Ed’s influence, she assumes. Silent and unrelenting even now, all these years later.
She’d met Ed when she was sixteen years old, and her life became a riddle. Anticipating his moods, his irritations. At first, it was thrilling and endearing. It was brutally dysfunctional.
He was five years older, and she’d tumbled into his life still a girl. But he was a man. He had a job, possessed the promise of a new life; someone who could pull her out of girlhood, which she was in such a rush to leave.
She was a waitress at the local diner, and he was a regular who paid for his meals with cash he seemed to unthinkingly unfold from a thick black wallet.
He always dined alone. He was handsome and alarmingly tall, and the other girls whispered about him in the kitchen, argued over who could cover his table.
They all wanted him to choose them, and he chose Mary.
When his company transferred him down to the Maryland office, Mary was eighteen, applying for college.
She went with him.

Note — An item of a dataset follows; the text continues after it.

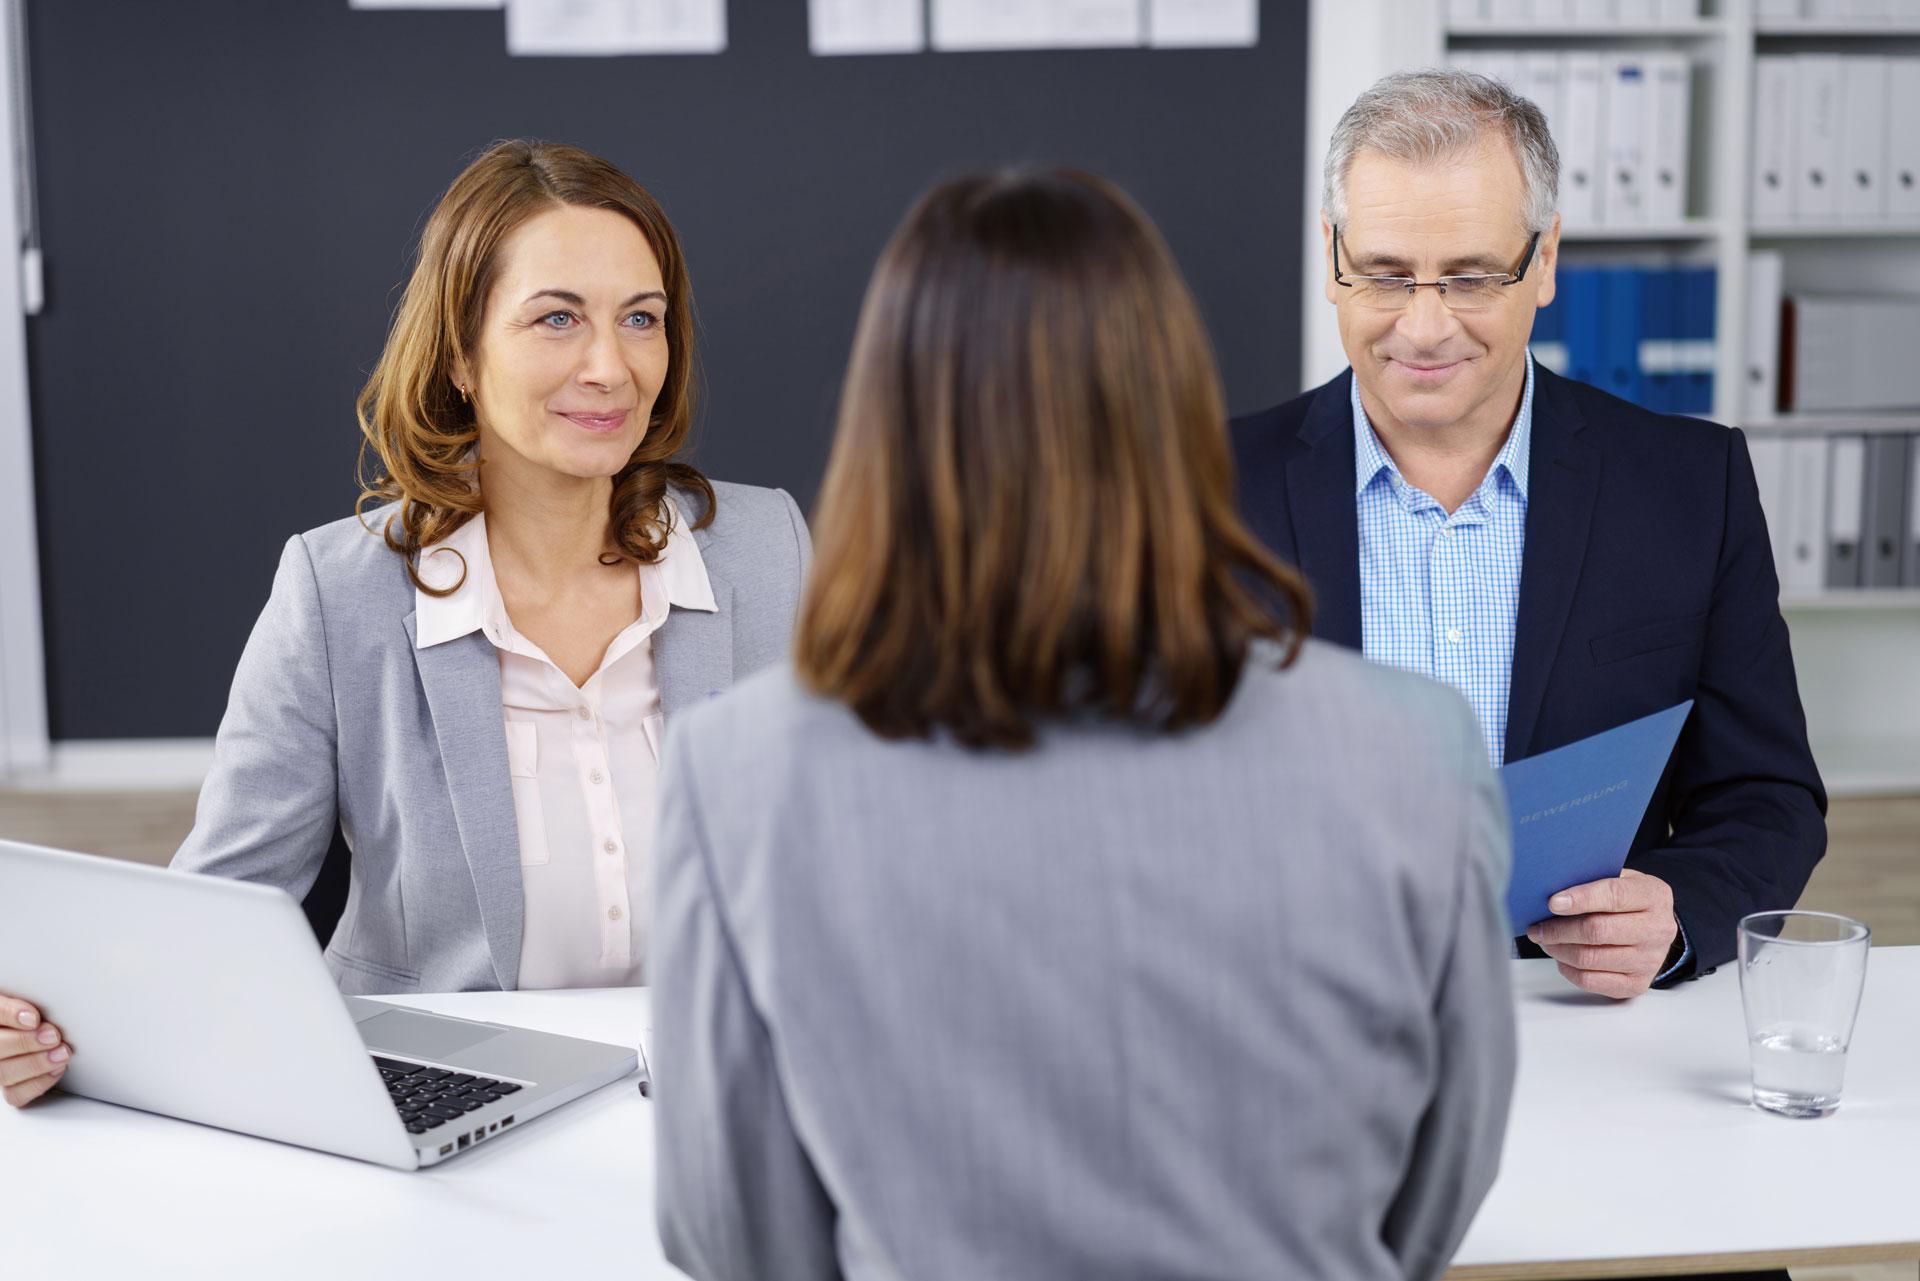 Bewerbungsgespräch-Berufung

She took a gap year and settled into domestic life in a two-bedroom rancher.
She painted the front door herself, daffodil yellow.

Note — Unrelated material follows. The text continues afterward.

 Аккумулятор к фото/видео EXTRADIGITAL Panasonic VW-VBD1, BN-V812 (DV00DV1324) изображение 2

She found a new waitressing job and went to college at night.
Ed helped her pay her tuition. Eventually, they traded up to a bigger house, then an even bigger one, the one in Hawthorne Heights.
Mary became pregnant, and they both followed along the tracks that stretched ahead of them, seemingly predestined.
Her life with Ed had afforded Mary some of the highest of highs, but as the years passed, those became fewer and fewer, the lows spreading, dampening, like sea foam soaking into the sand.
What had once felt like intensity and love was abuse, and by the time she saw that, it was far too late. She had Owen, and from the moment he entered the world, everything she did was for him. She tried her best.
Mary sits there on the floor a moment longer, steeling herself to stand.
After so many years working as a teacher, spending hours on her feet, these days she spends too much time sitting.
She’s traveled from one discomfort to another.
Besides, her joints are aging, cartilage thinning.
She doesn’t take care of herself the way she should.
She reaches for the edge of the bed, preparing to use it to pull herself upward.
Then she freezes. There’s a gentle creaking from downstairs.
She recognizes it, knows the exact board in the kitchen that always makes that sound.
He knows it, too, and he’s usually sure to avoid it.
He must think she’s not home. But he’s wrong.
He does this on occasion, when she’s been silent and still long enough.
Sometimes, when he thinks she’s out, he ventures up from the basement.
He’ll look through the kitchen cabinets and the pantry.
He’ll peruse the fridge. She’ll find a few things missing when she goes back downstairs or returns home.
He’ll help himself to what he wants and needs. She doesn’t mind.
Mary thinks about going downstairs—moving as quickly as she can and catching him. But it would hurt to see him. It wouldn’t be like she imagines it might be.
So she sits on the floor and waits. Not until she hears the squeal of the basement door’s hinges, as it’s pulled firmly closed, does Mary move again.